WORK TASK: Please transcribe the data exactly as shown, skipping the images.

=== DATA SECTION ===

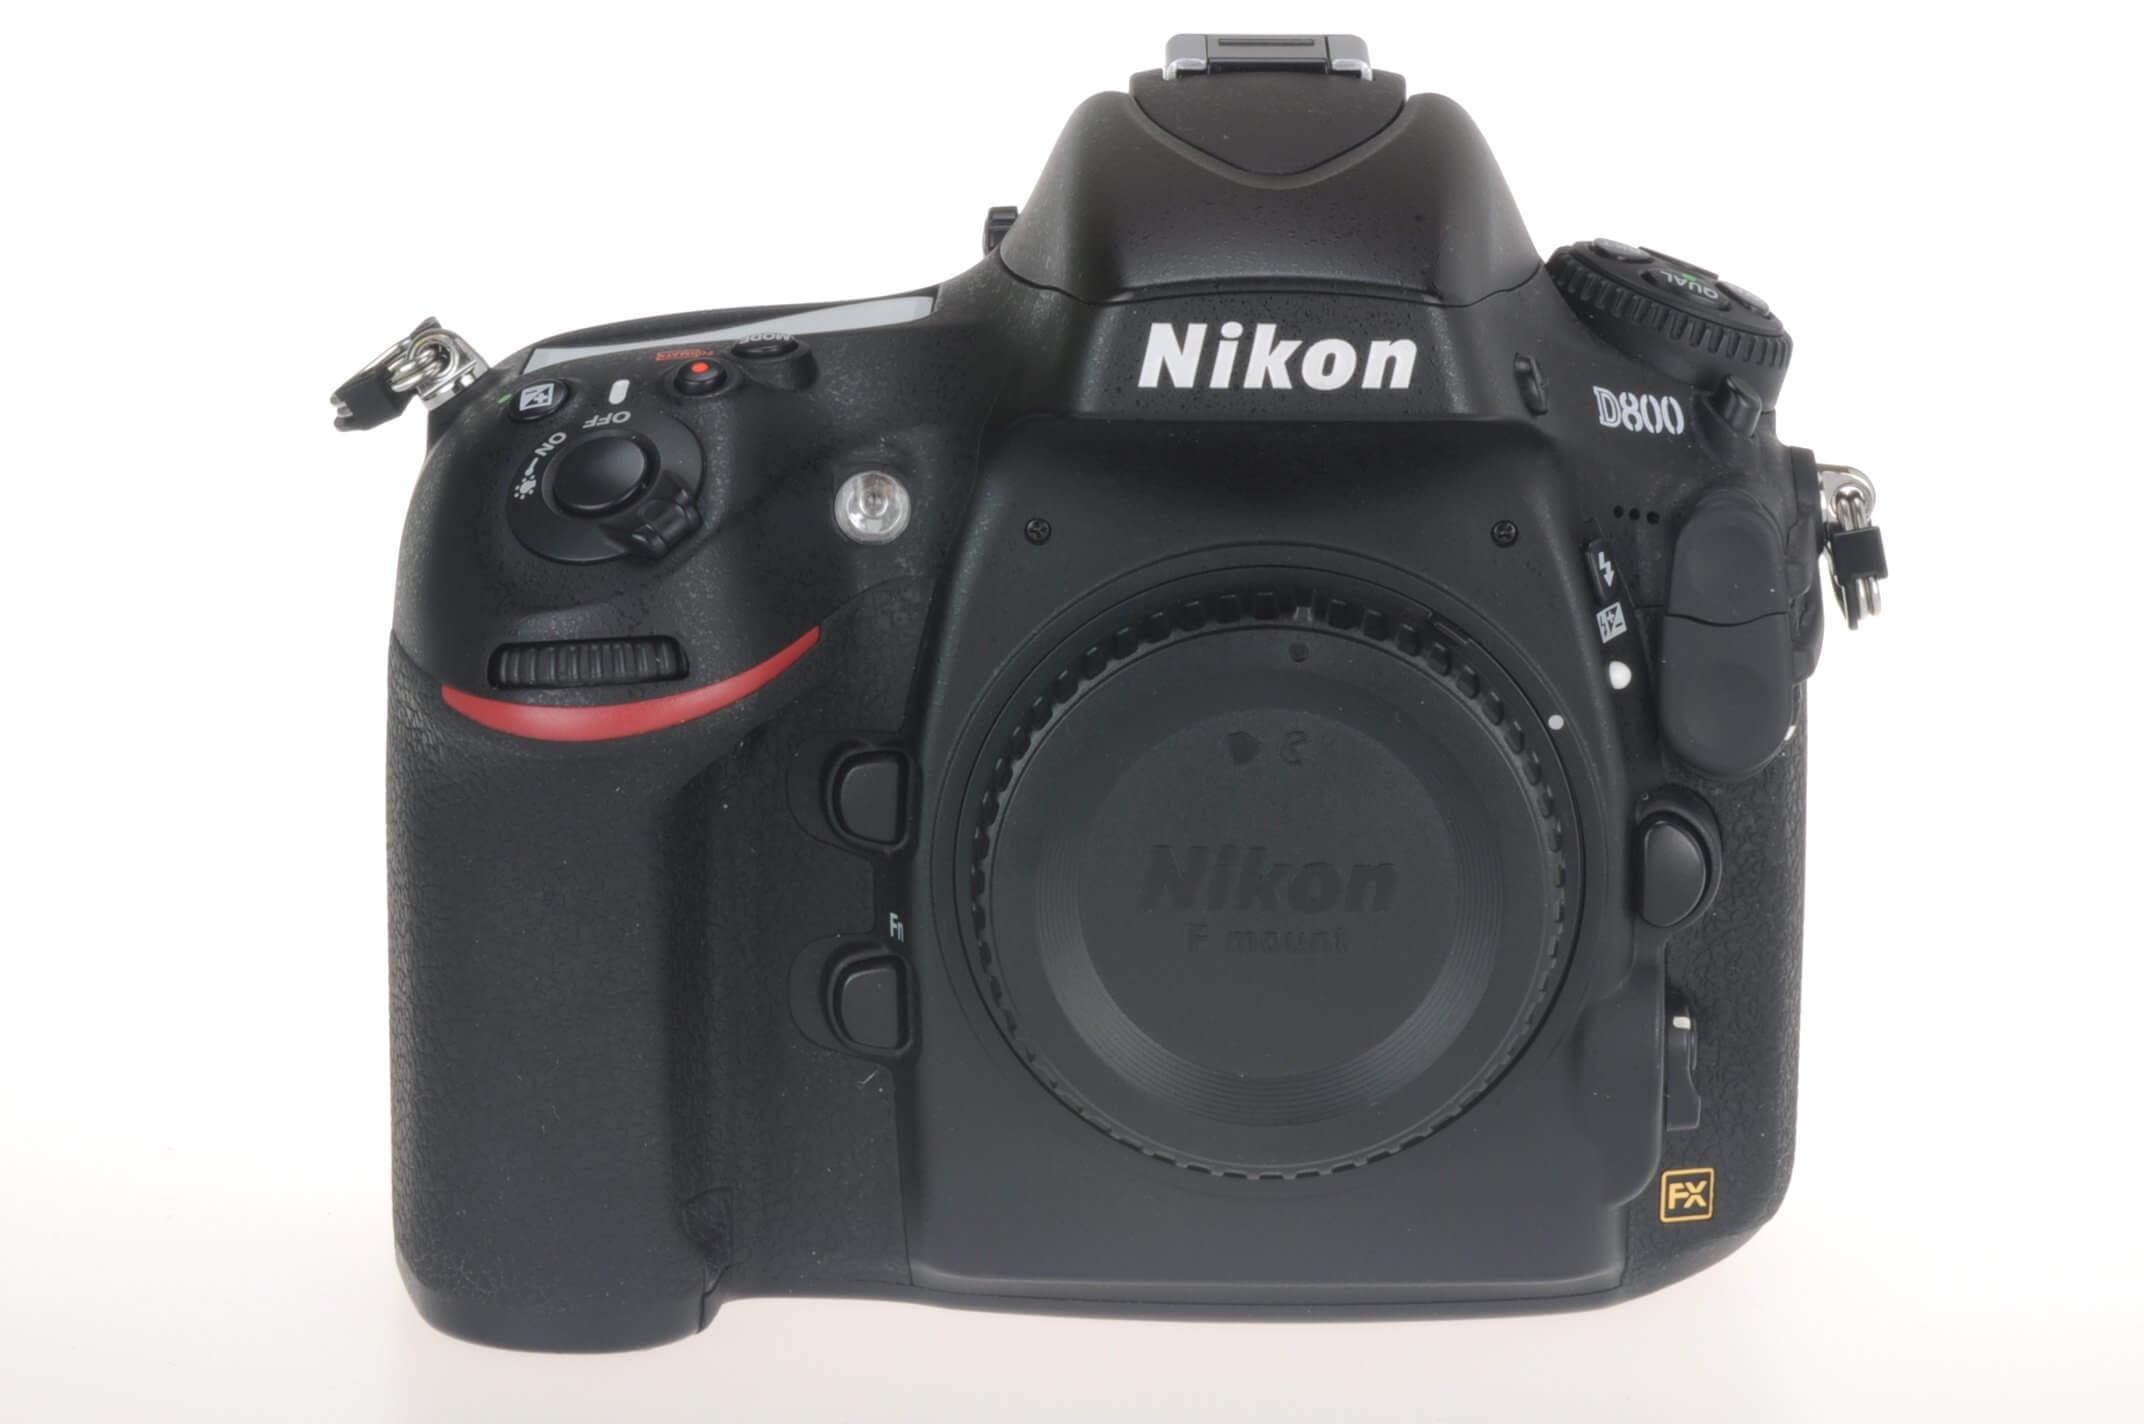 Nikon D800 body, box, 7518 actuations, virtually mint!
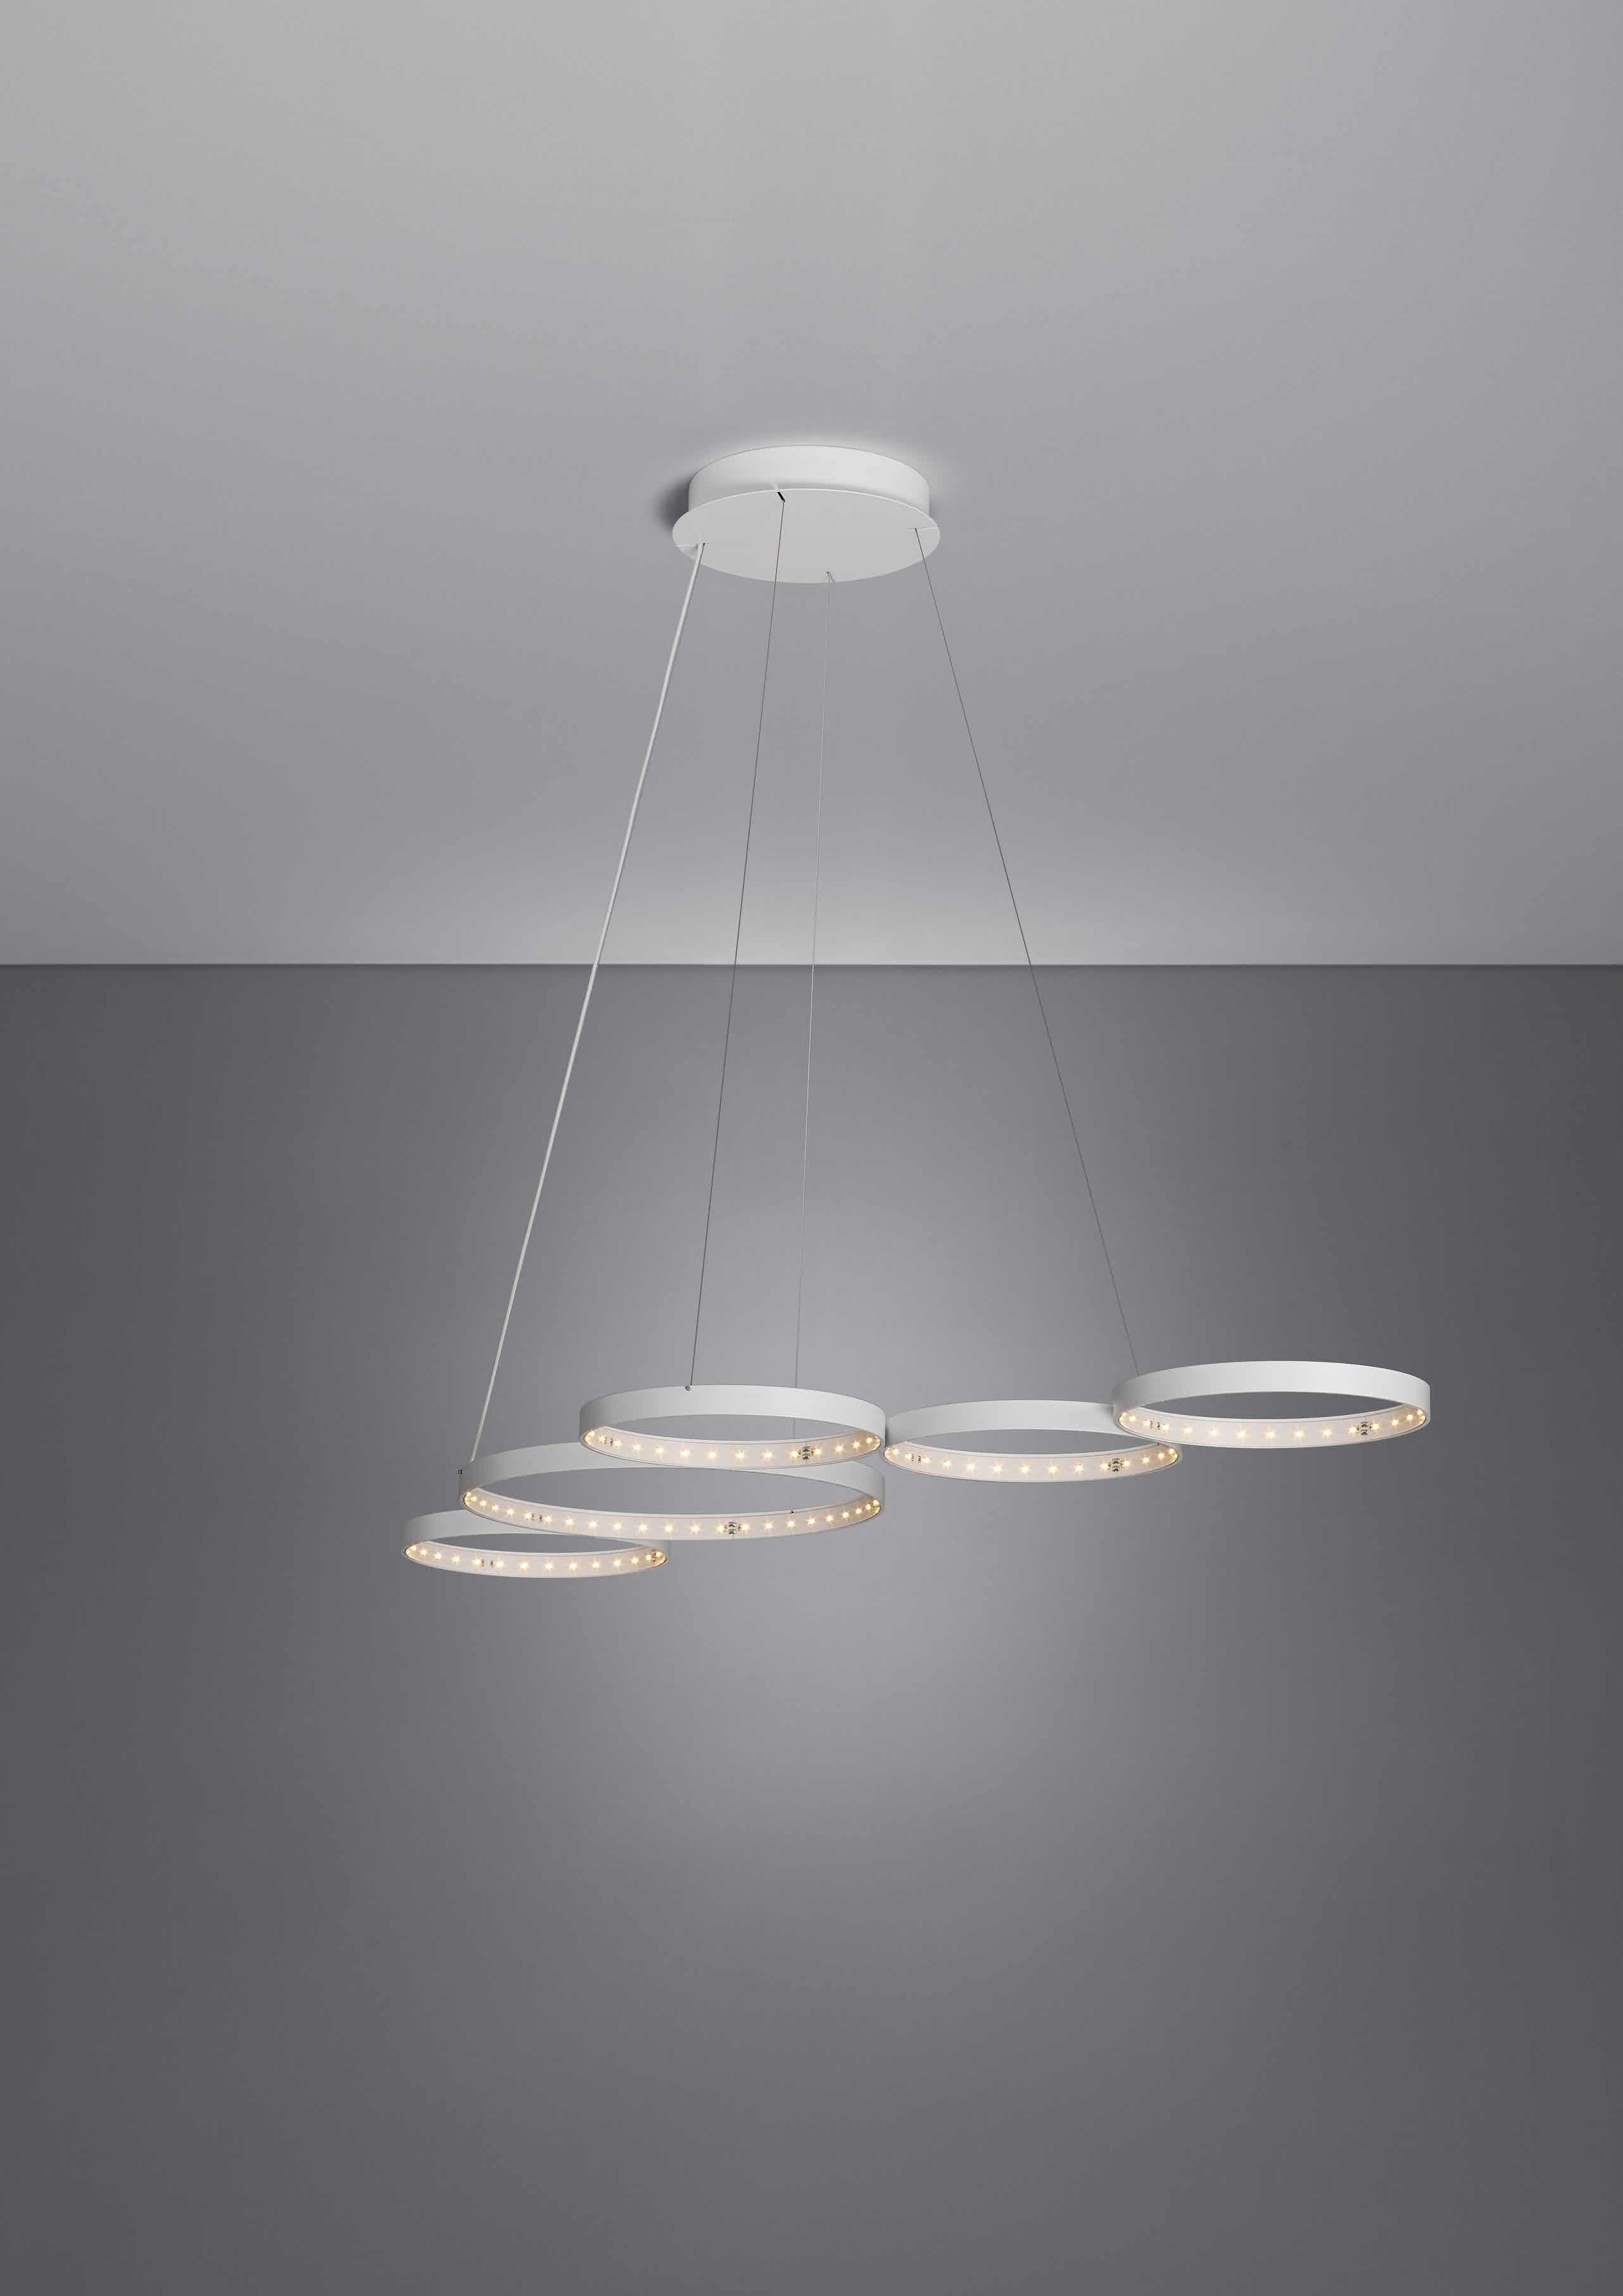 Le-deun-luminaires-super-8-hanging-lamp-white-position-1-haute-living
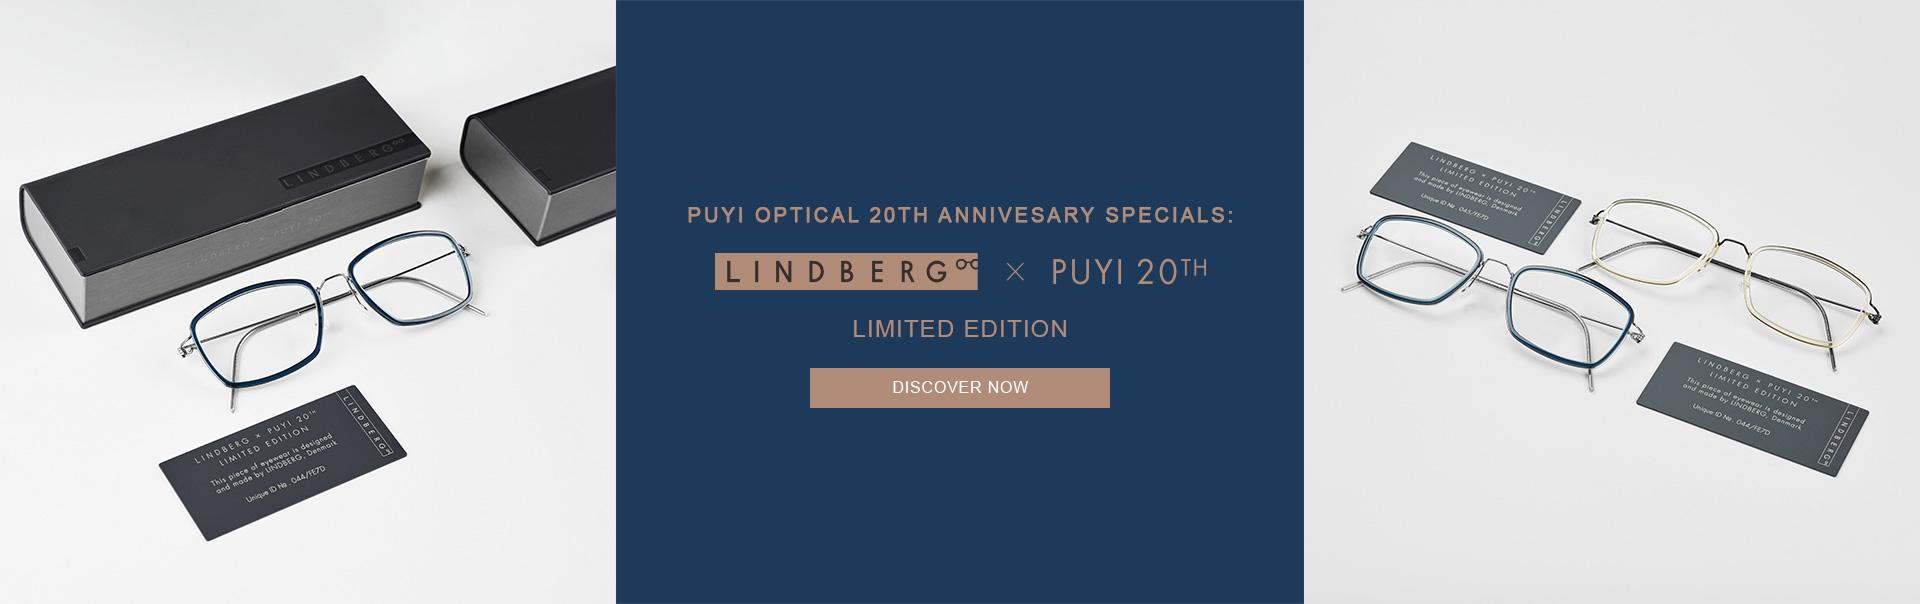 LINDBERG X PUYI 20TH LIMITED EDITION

===

WRITTEN SOLUTION:
 Nikon D800 body, box, 7518 actuations, virtually mint!
 Le-deun-luminaires-super-8-hanging-lamp-white-position-1-haute-living
 LINDBERG X PUYI 20TH LIMITED EDITION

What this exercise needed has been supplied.